My initial observation was – prior the project idea was born – since factories are becoming more and more automatized and robotised less and less human labour is in need in the factories. Literally factories producing unemployment. This phenomena amazed me I decided to dedicate a project for it.
I faced the problem: how will I transform this observation into an artistic project? It is a short, one line statement easily expressible by words. If this observation itself is so simple: is it worthy to deal with? My instinct told me yes.
For a long time I was just struggling – I could not come up with a solution.
I researched the topic and my research (and tutorial with Phd Aymeric Mansoux) led me to my final tool / platform that could carry all the theories I dealt with previously and turn it into a stable realizable art project.
After got to know about the platform I signed up as worker myself. I experienced the true exploitation and the boring almost robotic, monotone tasks. And I made almost no money at all, at least an amount that has almost zero real value in Western-Europe.
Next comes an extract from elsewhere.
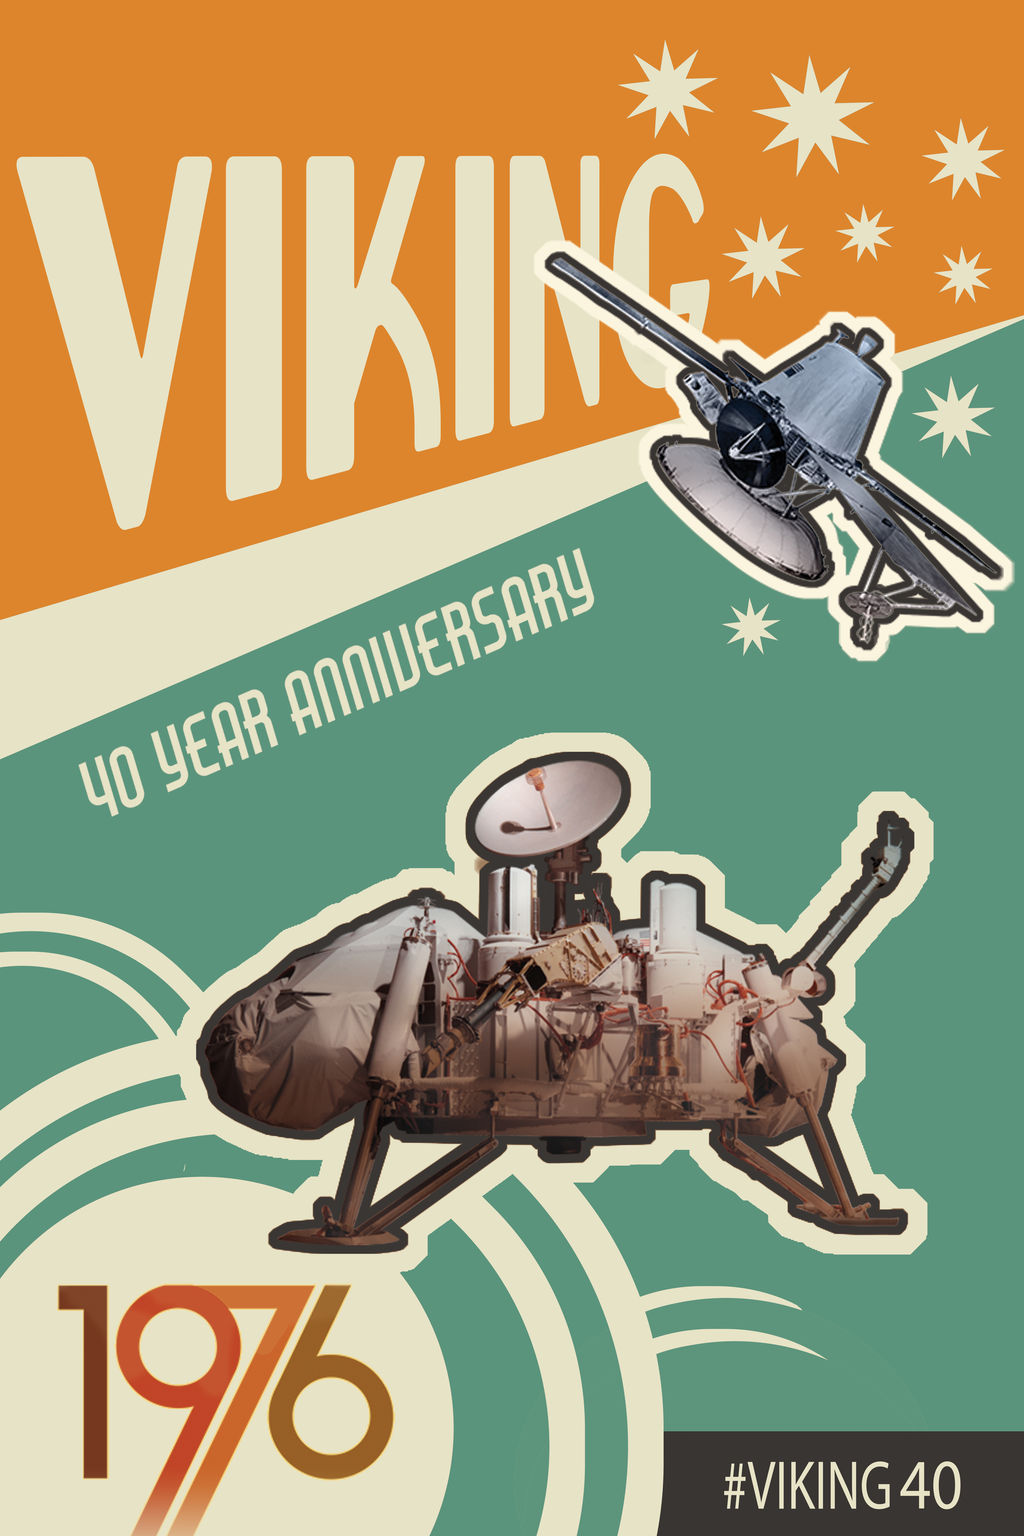  Anniversary artwork of NASA Viking 1 and Viking 2 Orbiters and Landers. Infographic text: Viking 40 Year Anniversary. 1976. #viking40 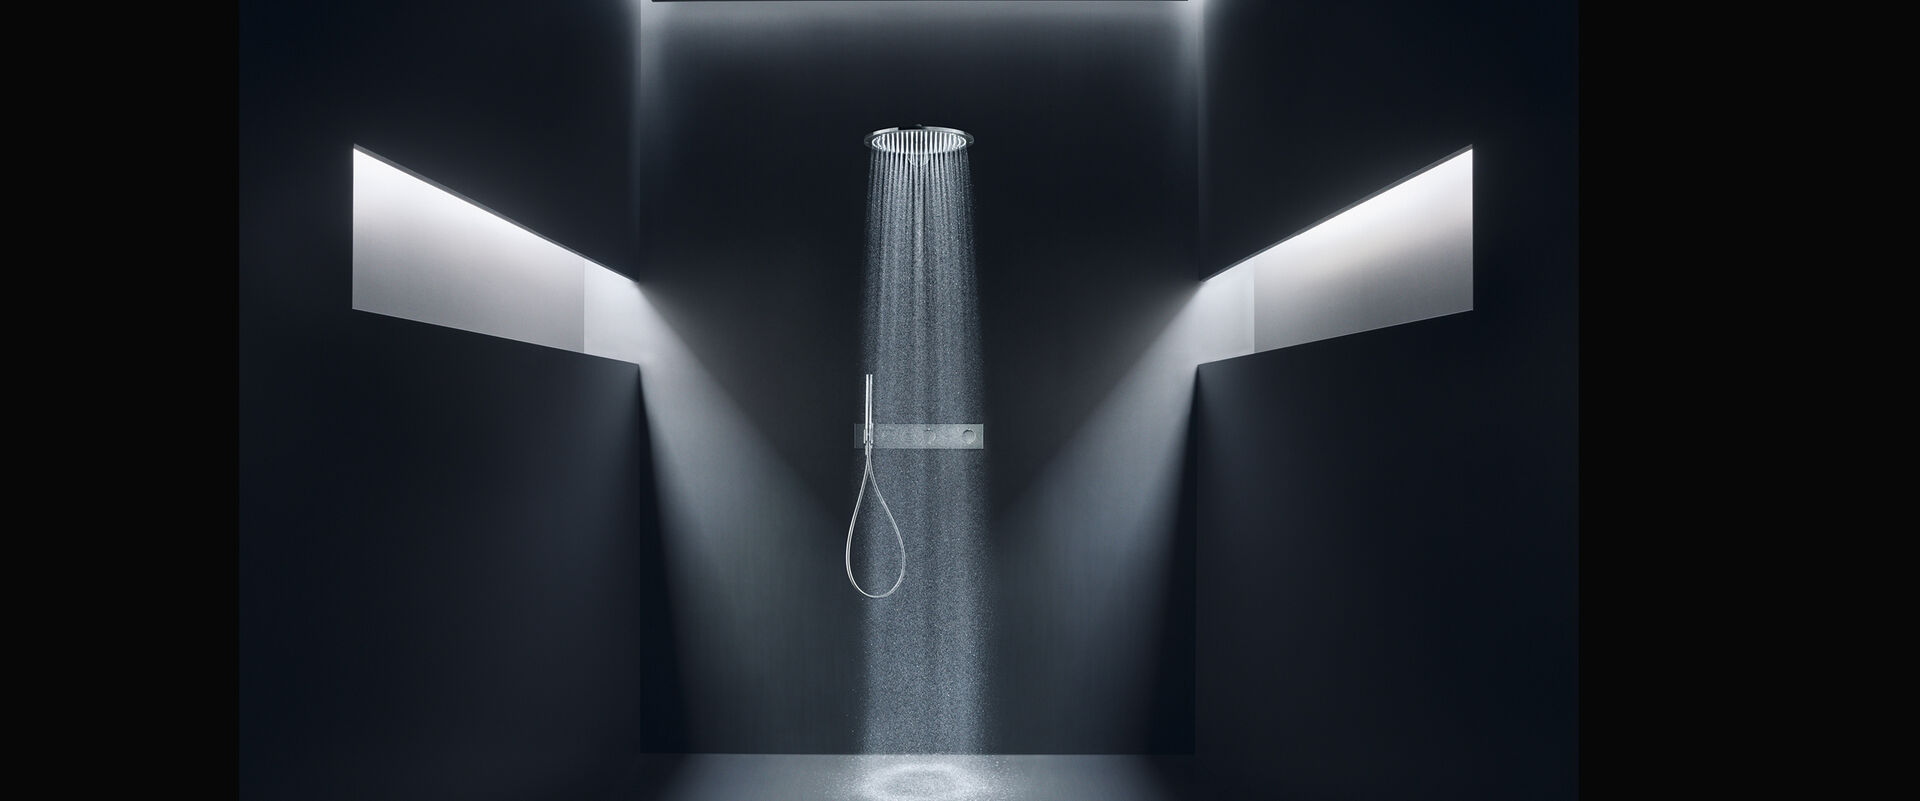 Elegantes Schwarzes Badezimmer, in dem eine Axor Showers Kopfbrause installiert ist. Lichtschächte Links und Rechts sorgen für eine geheimnisvolle Stimmung. Aus der Kopfbrause fließt das Wasser.

But not in some other places.
I could not almost believe that there are hundreds and thousand of people working using this platform.
I was initially interested and curious to find out who are they: to see these working people. So one of the few rules established: 'your face has to appear on the photo'.
To offer a job on Mechanical Turk platform is almost as easy as updating your status or edit a wiki page.
The body of the offer was simple, pure and clearly understandable but the same time specific: use your webcam. This way I could achieve a secondary content: their 'working' environment which is in the case of these workers their own home sometimes even their own bedroom.
The last decision I had to make to define the amount of money I will give away after each completed task – meaning receiving a link of a photo that satisfies the criteria. After a short research on the general amount of payment I decided to pay half a dollar for each photo – an amount that attracts these workers immediately. For them half a dollar is a lot of money for such a task that is easy and quick to complete – and for me this image collection worth a lot more. With some aim of luck this project of mine could be successful.
This is why is also debatable whether my behaviour – as the artist – is generous whether exploiting – I admit this coin has also two sides: I believe it raises the importance of this particular project.